**PROBLEM DESCRIPTION**
Print the data exactly as written, but leave out each picture.

**INFORMATION SHOWN**
# # # #

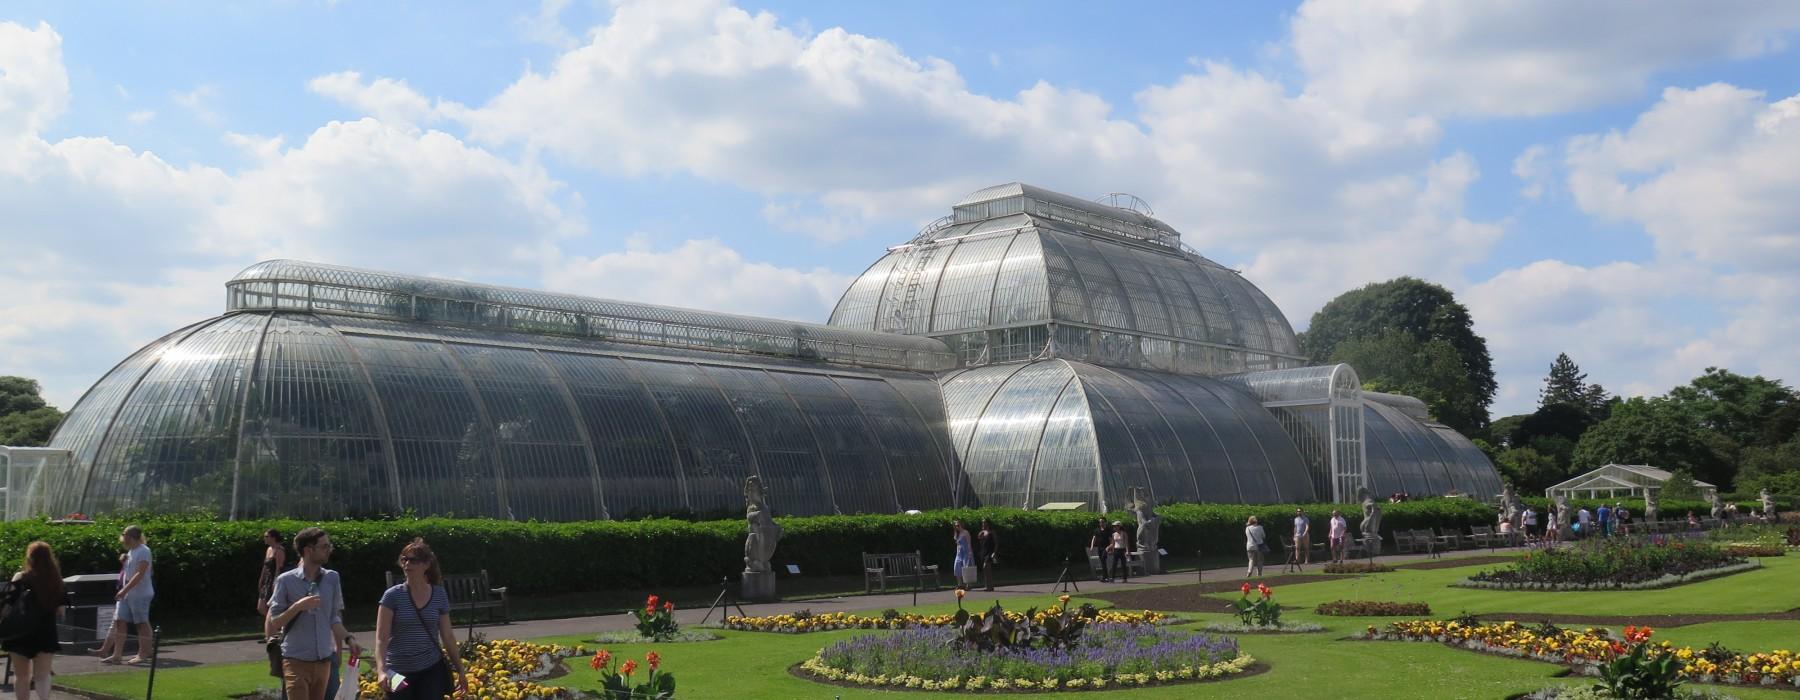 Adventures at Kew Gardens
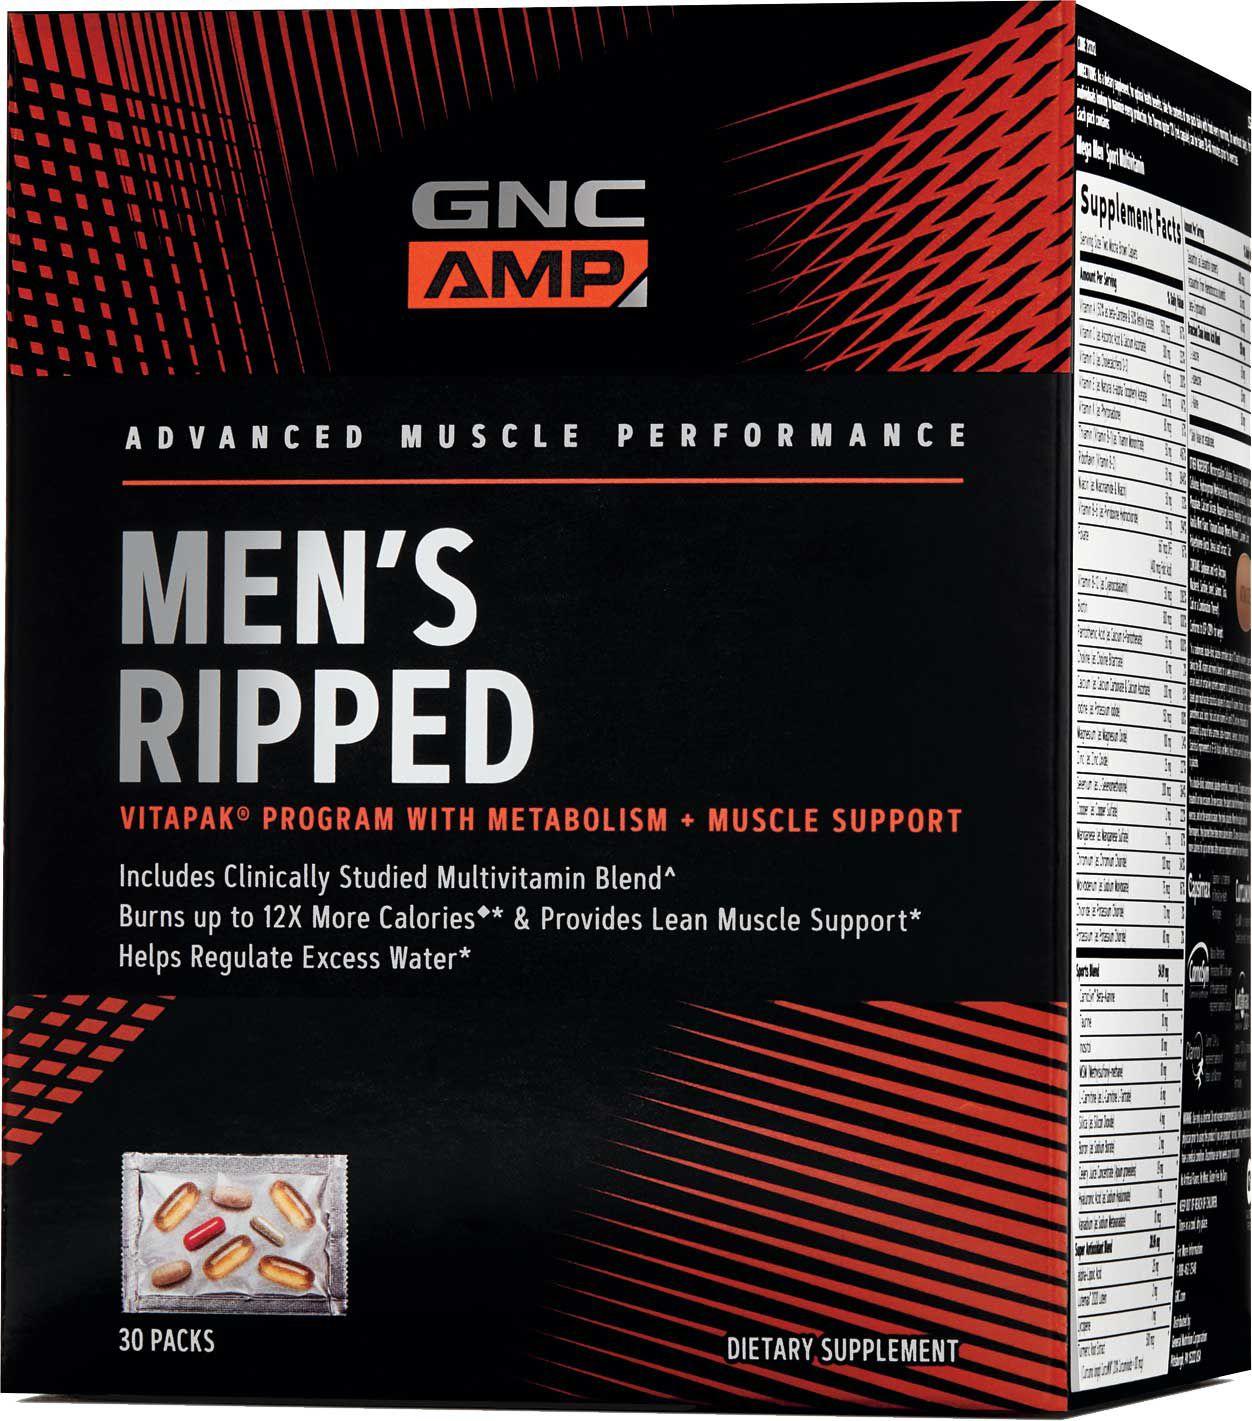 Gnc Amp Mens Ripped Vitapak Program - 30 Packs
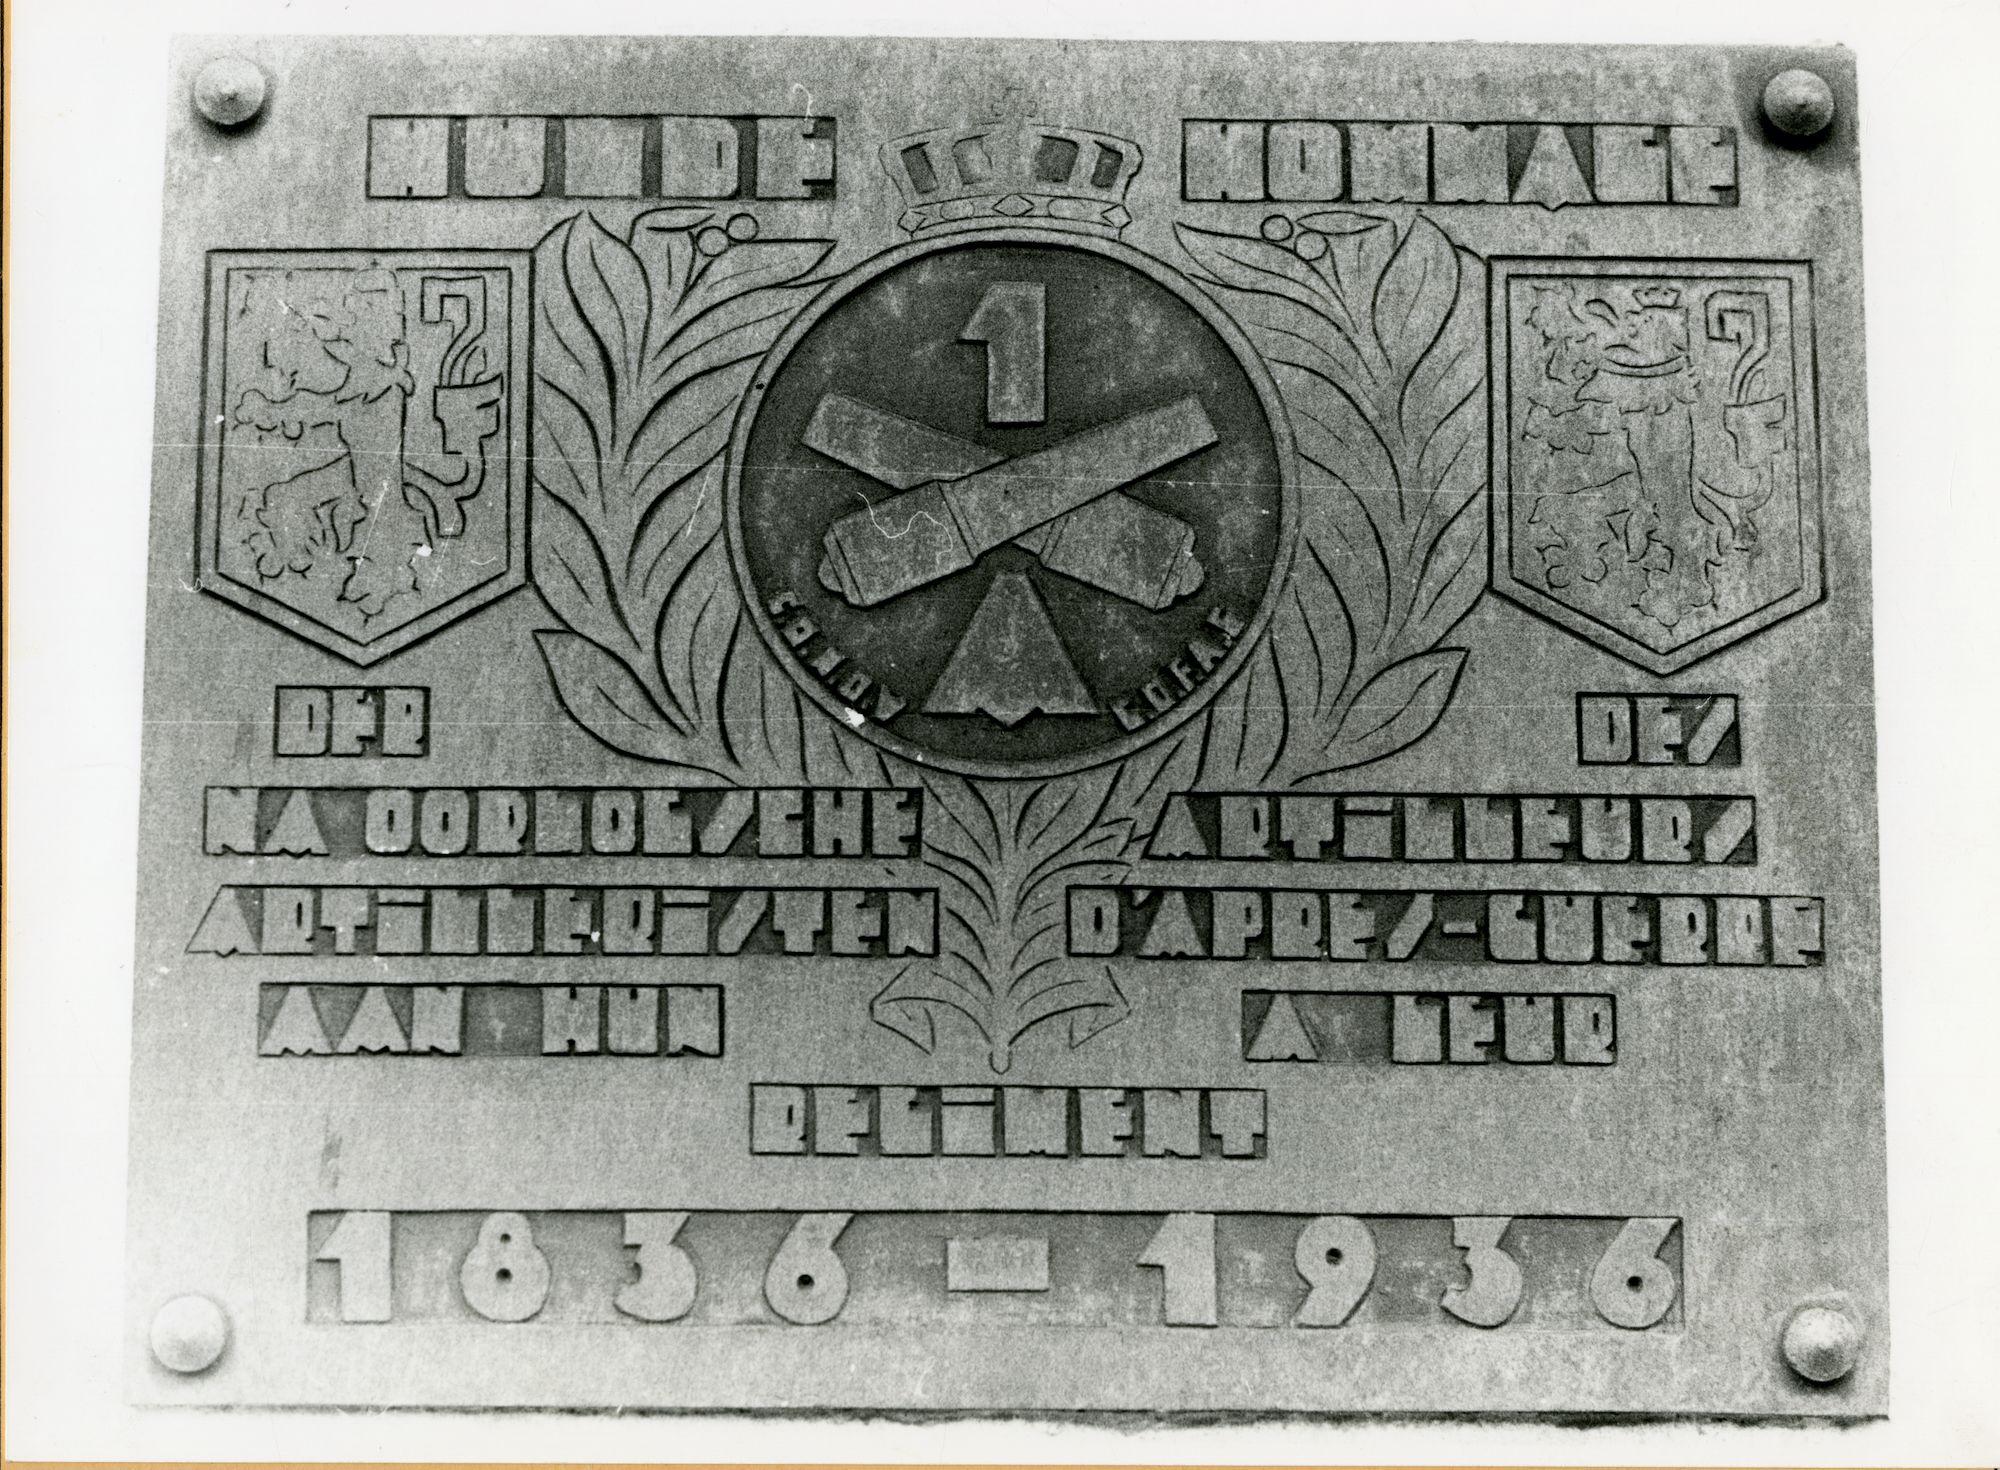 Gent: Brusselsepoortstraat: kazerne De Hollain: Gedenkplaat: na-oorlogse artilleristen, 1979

# # # #

**RESPONSE FOR THIS EXERCISE**
 Adventures at Kew Gardens
 Gnc Amp Mens Ripped Vitapak Program - 30 Packs
 Gent: Brusselsepoortstraat: kazerne De Hollain: Gedenkplaat: na-oorlogse artilleristen, 1979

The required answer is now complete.